Here are my suggestions on how to proceed:

Hive #1 - Back it down to one deep and put in the middle one frame of uncapped brood from the hive that swarmed. This will give them the raw material needed to make their own queen.

I'm not sure from your description just what is up with the odd comb. My guess is that the bees didn't have enough drawn out nicely for bee space to work as it is supposed to. Cull out as part of the consolidation process any frames that look really wrong. If you have anything you think might be a queen cell make sure it does go in the box. Don't worry about the drones.

Remember that since they have already swarmed and have no emerging brood to boost the population, additional space is not needed (for the moment, we hope!) Your concern for these bees is to let them put by enough pollen and honey for winter - and to get queen right.

Hive # 2 - If they are still in frame drawing mode let them continue. Otherwise take some of your cast off frames from hive 1 and put them in the hive in place of the foundation. It sounds like these ladies will be ready for a 2nd brood box soon.
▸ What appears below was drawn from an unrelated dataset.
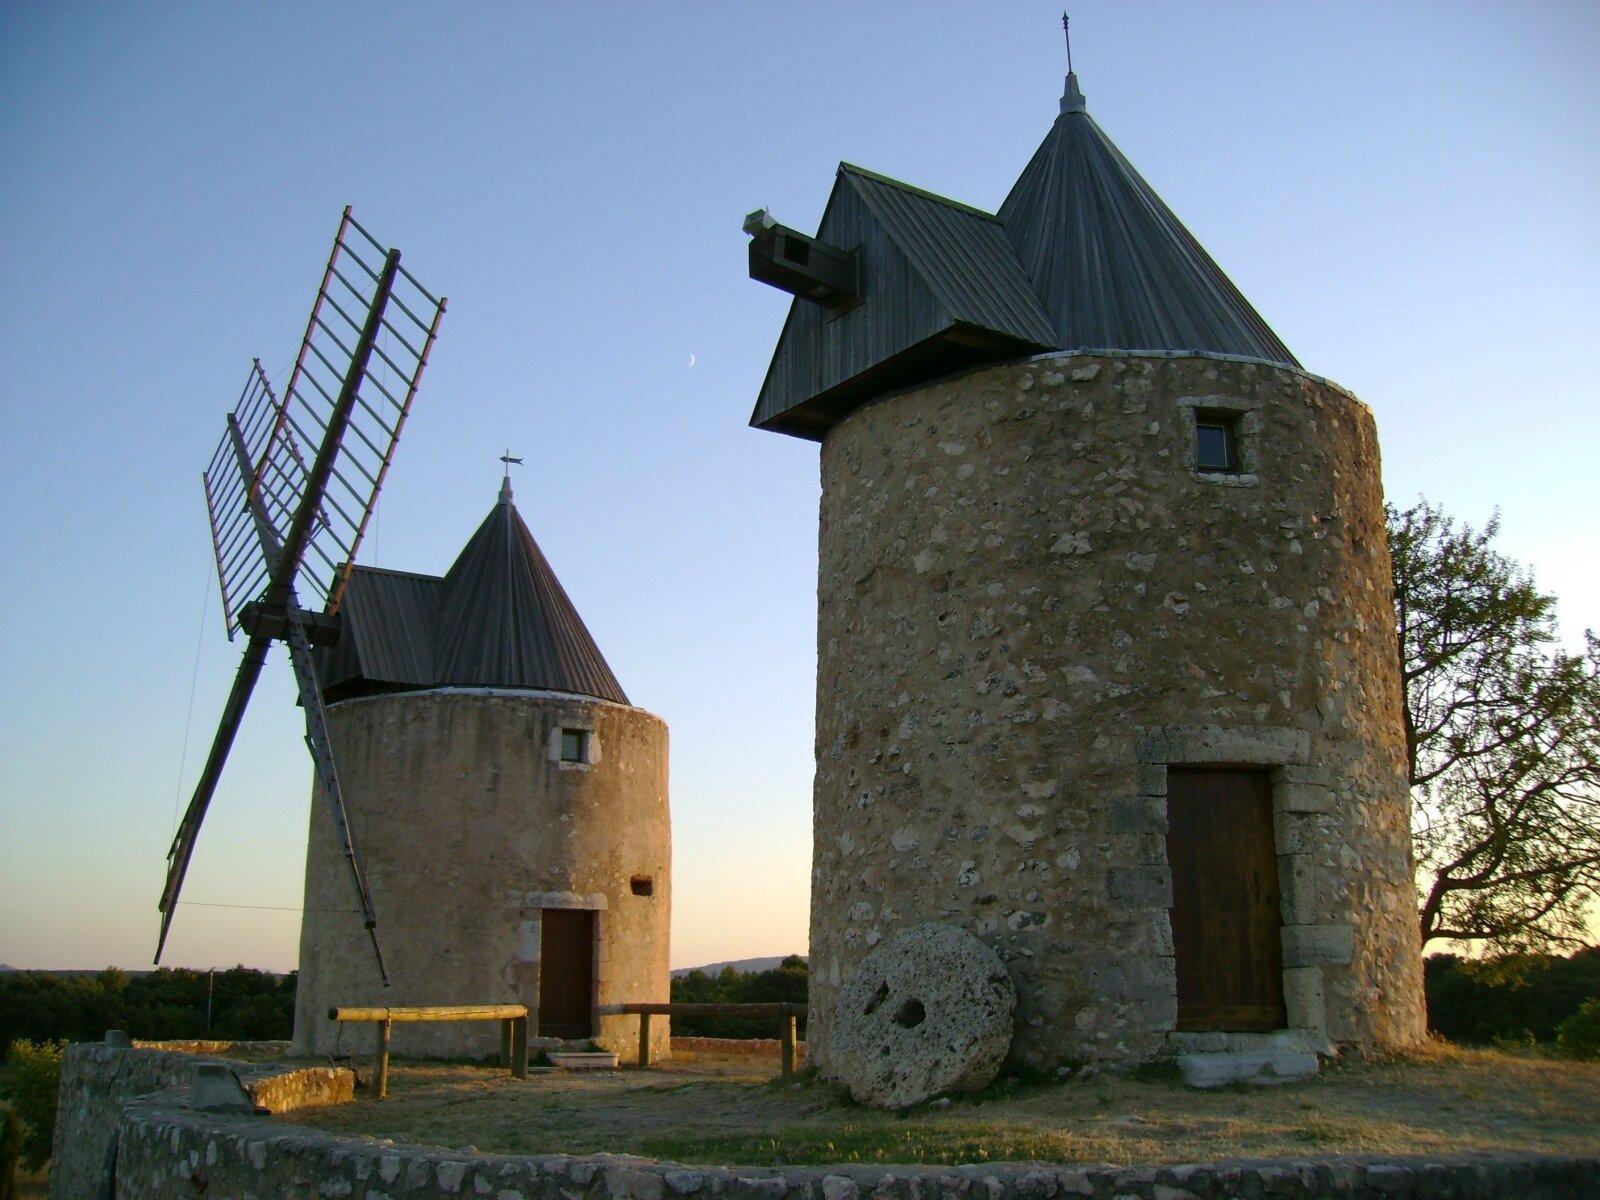 Les moulins à vent dans le Midi

Feeding - depending on the flows in your area you will probably have to feed both colonies to get them up to wintering weight. You may want to reduce the entrance on hive # 1 while feeding to make the hive tougher to be robbed out. Use either an internal division board feeder (takes the place of a frame) or a jar feeder inverted over the opening in the inner cover. Do not use a "Boardman" feeder as it may encourage robbing.

I hope I've understood your situation and have answered your questions. You'll probably get some other responses from people who will deal with this differently. Not to worry, pick the solution that feels right to you and fits your situation best.

Welcome to beekeeping.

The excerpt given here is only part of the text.